Test automation is critical for organizations looking to get faster and better at delivering quality software. However, as with many issues surrounding technology, just because you can doesn’t mean you should.
Phil Soffer has spent the last 20 years developing and shipping software, as a developer, marketer and now CEO of crowdsource testing company test IO. All those years inform his perspective on the industry, and he firmly believes that getting faster and better does not tell you what it means to ship software.
“Fundamentally, the decision to put something in front of a customer is a business decision,” he stated flatly. “But there are lots of different inputs [into that decision]. It’s not a decision to make by looking at a dashboard of software that ran.”
Much of what we hear about test automation is from big companies with large user bases that in many cases don’t pay for the software, Soffer said. Think Google, Facebook or YouTube. “YouTube can roll out to 10,000 people and get that feedback. Then they ship to one-tenth of 1 percent of the user base and they can get a lot of telemetry from that. But most people who ship software don’t have the luxury of a billion users.”
Automation isn’t a plug-and-play type deal. Companies have to mesh test automation metrics with data from people—manual testing, exploratory testing, user acceptance testing, and testing in real-world customer environments—to form a comprehensive view about the quality of the product. Only then, to Soffer’s way of thinking, can organizations even begin to consider if software is ready to be released.
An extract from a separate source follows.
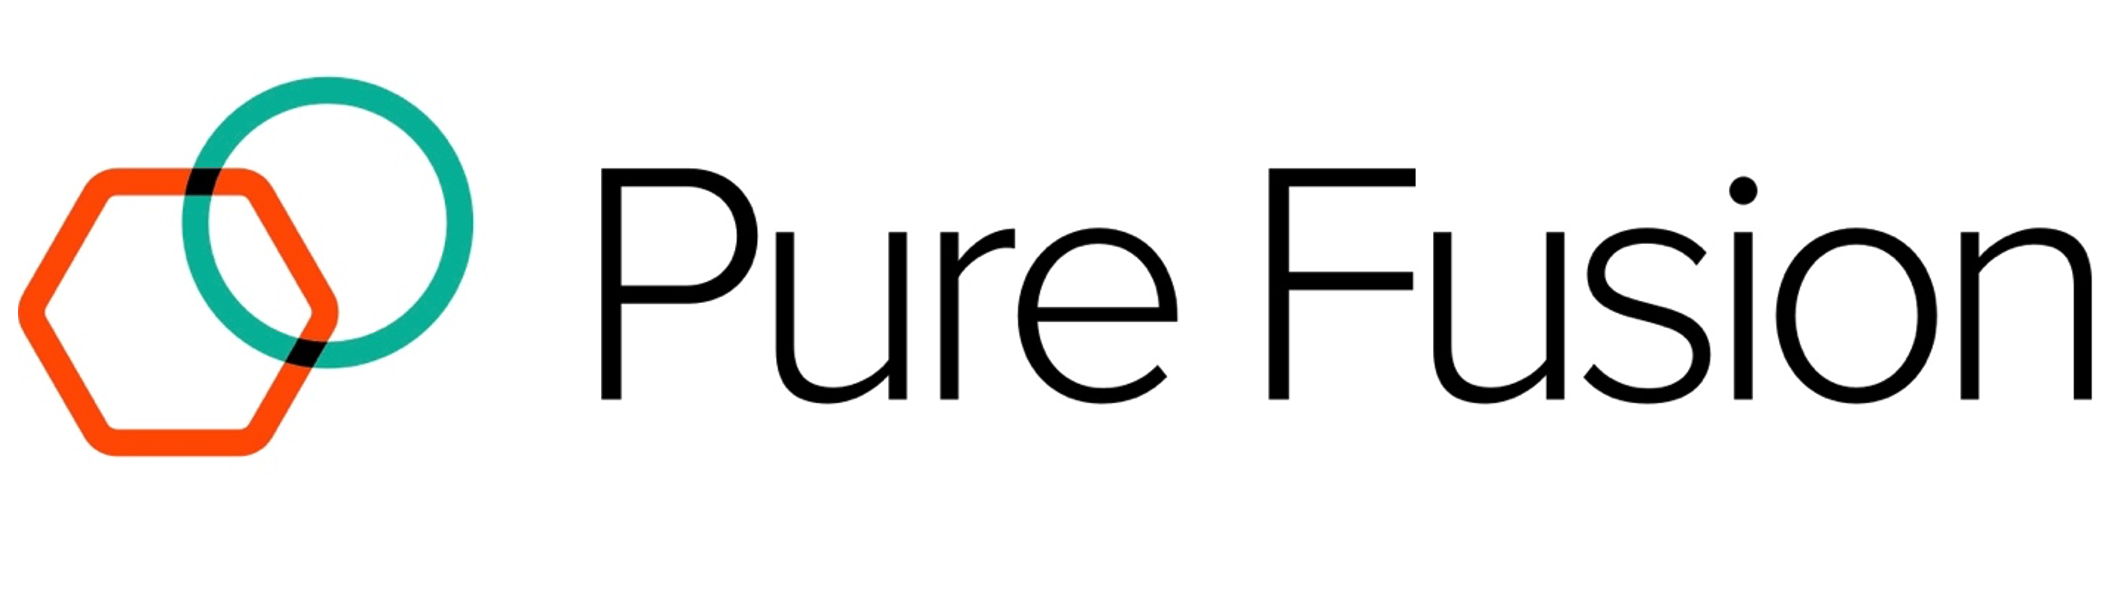 Pure Storage logo in transparent PNG and vectorized SVG formats

Soffer said that the development organizations he deals with here in the United States are all trying to figure out how to go a little bit faster. “Speed is measurable, and people like to do things that are measurable,” he said, noting that the agile movement was a reaction to development that was complex, late and wrong for the user when it shipped. “Being responsive to users is right, is true, but caring about shipping 10 times a day isn’t true.”
Soffer said automated testing is important, but he believes that in the agile, DevOps world, “you need some input into business decisions that is human. It’s great to say we should be doing continuous delivery, but the idea that you can ship to a million people and get it wrong is fundamentally wrong-headed,” Soffer said.
A lot of work in the industry these days is going into developing out artificial intelligence systems, designed—we’re told—to help humans work and live more efficiently and safely. We’re seeing much money poured into developing self-driving cars, drones and all manner of workplace and lifestyle robots (Hey Google, Alexa, Siri and Cortana).
(Cute aside) … I remember as a kid listening to conversations my parents would have as they began to get older. “You know who I saw on TV yesterday?”
“No, who?”
“You know, that redhead, she was in that movie that suave British actor you like.”
“Lucille Ball?”
“No, she was that western with John Wayne and she gets shot at the end.”
“Rita Hayworth?”
“No. She was married to the director who made that film about blowing up a bridge during World War II.”
“I have no idea what you’re talking about.”
Then the conversation would invariably end with, “I’ll think of it at 2 o’clock in the morning.”
“Don’t wake me.”
Today, of course, we can simply sit with our cellphones and search for the answers. We never really have to think or recall information anymore. Devices are doing that for us. Yes, they can answer simple questions (and complex ones as well), but they can’t deliver the empathy, or sarcasm, or come at things from seemingly out of left field—all of which makes the human experience what it is… human!
Industry analysts see a role for artificial intelligence in test automation, creating tools that can adapt to software changes as well as user behaviors. As with all bots, though, Soffer said you still need the human touch. “AI could make tests better, but it can’t replace the random chaos-monkeyness that is humanity,” he said.
Beautiful, messy, blissful humanity.